Riformare la Giustizia, subito


Bisogna che gli scandali avvengano, si legge nei Vangeli, ma guai ai colpevoli. Mi auguro che i colpevoli paghino, tutti i colpevoli, tuttissimi… e non casco nella trappola formalistica se ci sia o no qualche “reato”. Incontrarsi per discutere di nomine di magistrati è in ogni caso un’azione politicamente e moralmente ignobile, e se ne accorge persino Zingaretti costringendo alle dimissioni Lotti; e, in un modo o nell’altro, si stanno levando di torno Palamara e soci.

Ripeto: poco conta se Palamara e Lotti e soci abbiano violato o meno qualche codicillo: hanno trattato e contrattato; poco conta che il presidente del Consiglio Superiore della Magistratura, che è il presidente della Repubblica, abbia o meno il dovere di parlare: il suo silenzio è imbarazzante; poco conta se il suo vice, Ernani, abbia contrattato o meno: per gli ultimi due, scatta, politicamente, una palese culpa in vigilando, cioè: se non si sono accorti di nulla, che ci stanno a fare?

Se un domani io, cittadino qualsiasi, mi trovassi nelle mani di Palamara come giudice, direi al mio avvocato di ricusarlo per legittima suspicione; e così farei per ogni magistrato che abbia frequentazioni con la politica.
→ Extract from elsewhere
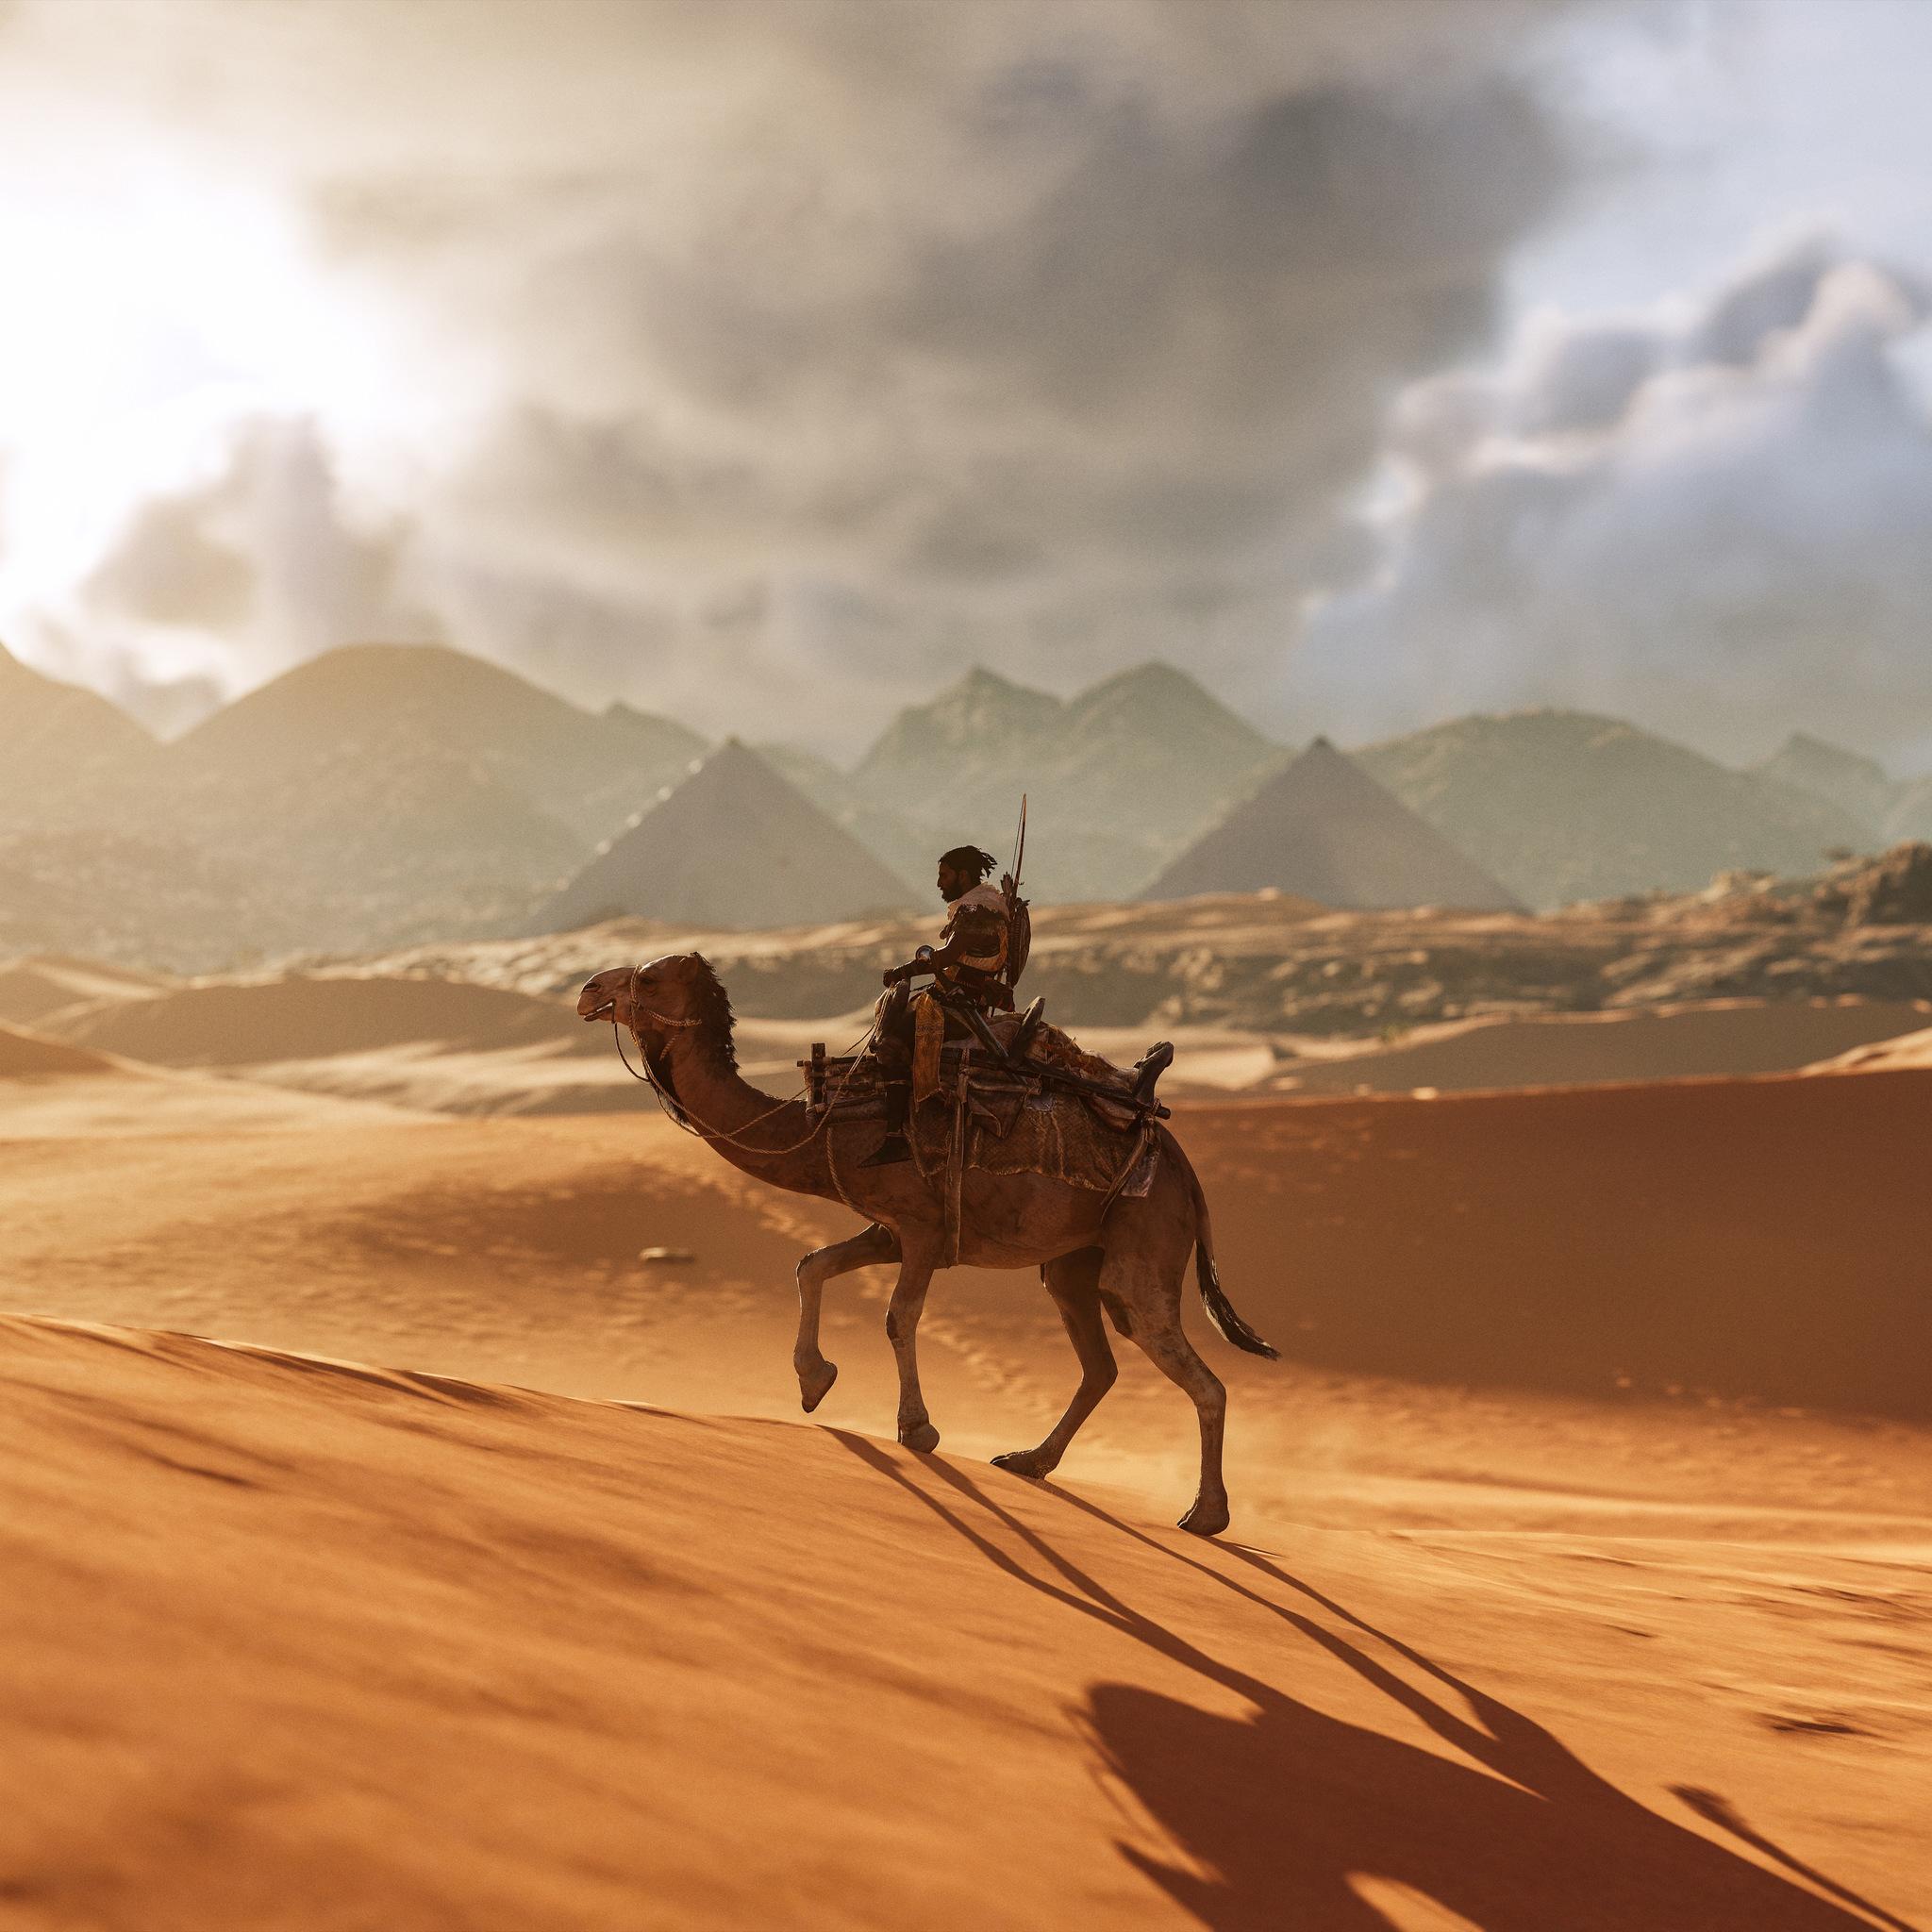 Camel Assassins Creed Origins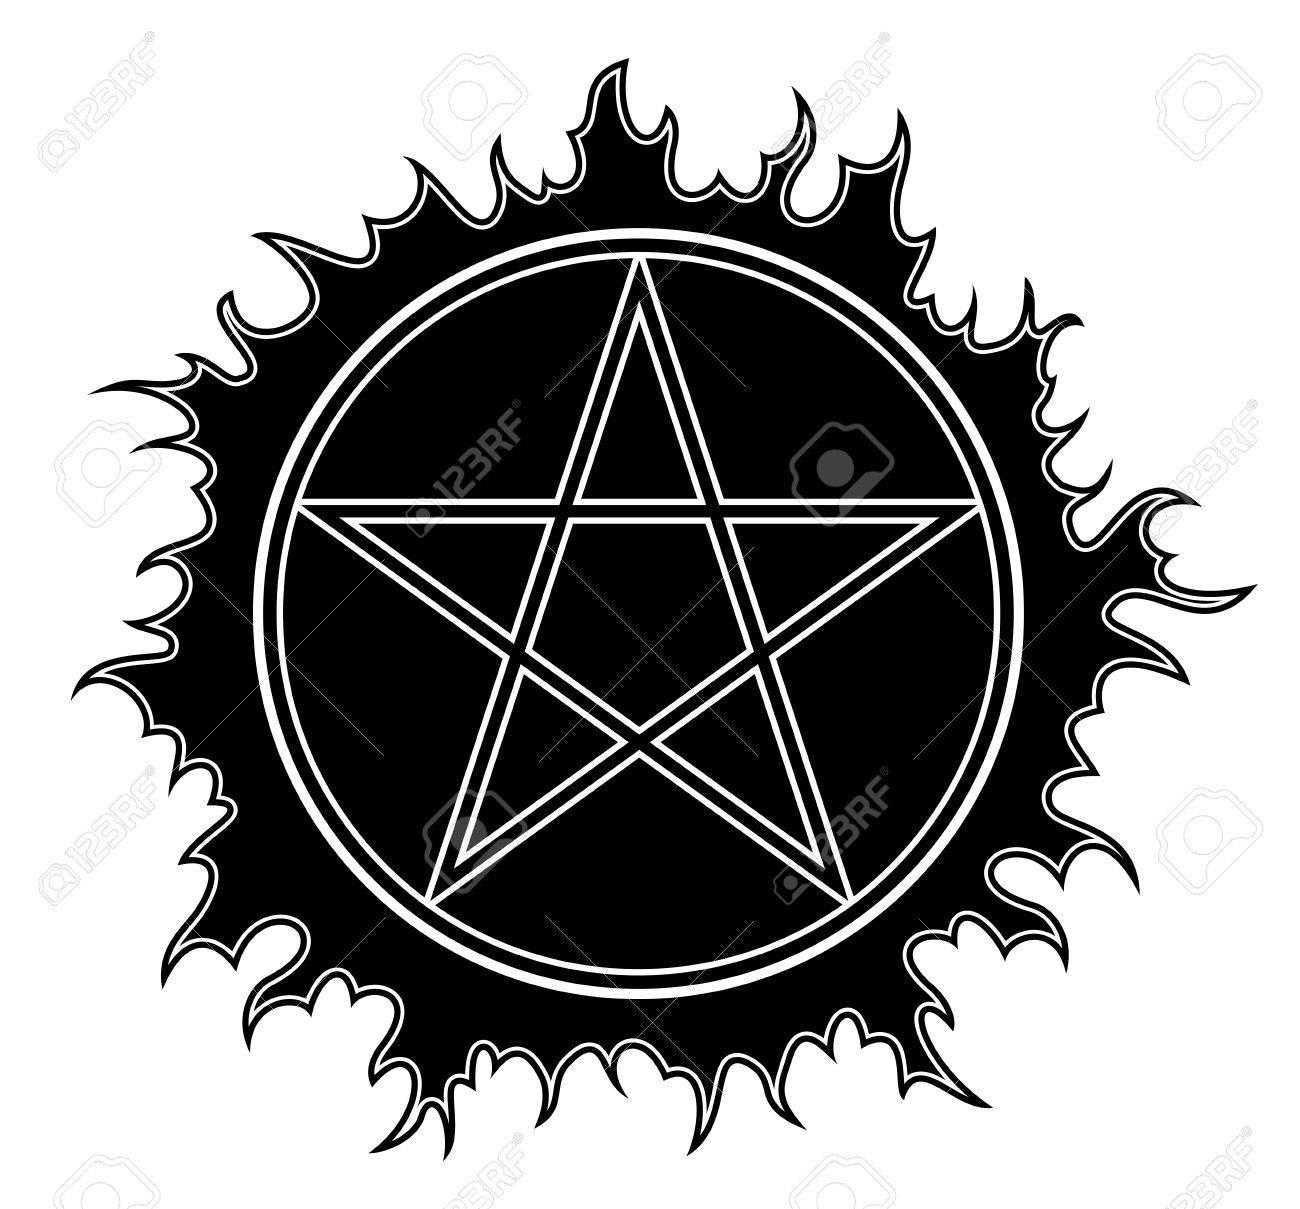 Pentagram icon star symbol isolated illustration black on white pentagram icon star symbol isolated illustration black on white background stock vector biocorpaavc Choice Image

E non venite a dirmi che è diritto di ogni cittadino partecipare a riunioni… ci sono motivazioni morali e di opportunità, per un giudice; e i magistrati godono di possenti privilegi anche finanziari, che comportano ovvi doveri molto al di là delle formulette e dei cavilli.

Come riformare? Bah, sempre da cittadino qualsiasi, io la penso così:

– va abolita ogni presenza di “correnti”, di per sé una contraddizione con l’imparzialità del magistrato;
– di conseguenza, il CSM deve avere solo funzioni professionali;
– l’operato dei magistrati deve essere soggetto a pubblico controllo; alla fine, i giudici sono esseri umani, e non eroi o dei;
– nella selezione dei magistrati, va restituito il massimo peso alla filosofia del diritto, che viene prima di ogni conoscenza a pappardella di codici e procedure; ed è ora di finirla con certe lauree in Legge a pioggia senza un adeguato percorso liceale.

Ma la vera riforma è quella della legislazione. Con gli anni, il potere giudiziario ha conquistato, per la debolezza della politica, uno spazio indebito; e di fatto ci sono due legislazioni, quella del parlamento (di fatto, quasi sempre del governo), e quella dei giudici nel senso di singoli giudici che interpretano le leggi, spesso in evidente contraddizione da un giudice all’altro, magari confinanti.

Bisogna cancellare molte migliaia di leggi dall’origine estemporanea e sotto i colpi di campagna di stampa (“ci vuole una legge!”), e subito dopo dimenticate. E lo stesso per certe convenzioni internazionali allegramente firmate dai governi precedenti, e che hanno comportato conseguenze devastanti; e non vanno ridiscusse, ma denunziate, cioè cancellate, e senza manco dirlo: come sta facendo l’Italia con Dublino; come non partecipando agli incontri dell’ONU, proprio per non rischiare che poi un giudice simpaticone arresti il Governo per l’articolo 666 dell’ONU medesima, e me personalmente per averne detto male. Vanno dunque riscritte le leggi.

Delle leggi, bisogna affidare la stesura ai decenviri del V secolo a.C., quelli che usavano pochissime parole per scrivere sul bronzo una norma: si noctu furtum faxit, si im occisit, iure caesus esto, e contate le parole. Meno parole si usano, minori sono le tentazioni dell’interpretazione fantasiosa e creativa di giudici privi di basi filosofiche e scarsi di basi culturali in genere; o sfacciatamente ideologizzati.

Chi deve fare tutte queste belle cose? Una categoria oggi rarissima, i giurisperiti, quei dotti romani che scrivevano essi le leggi, e poi, con santa astuzia giuridica, le facevano firmare all’imperatore di turno; poi gli imperatori passavano, e le leggi di Roma sono tuttora in vigore.
Esistono, oggi, dei giurisperiti? Ahimè, non ne vedo.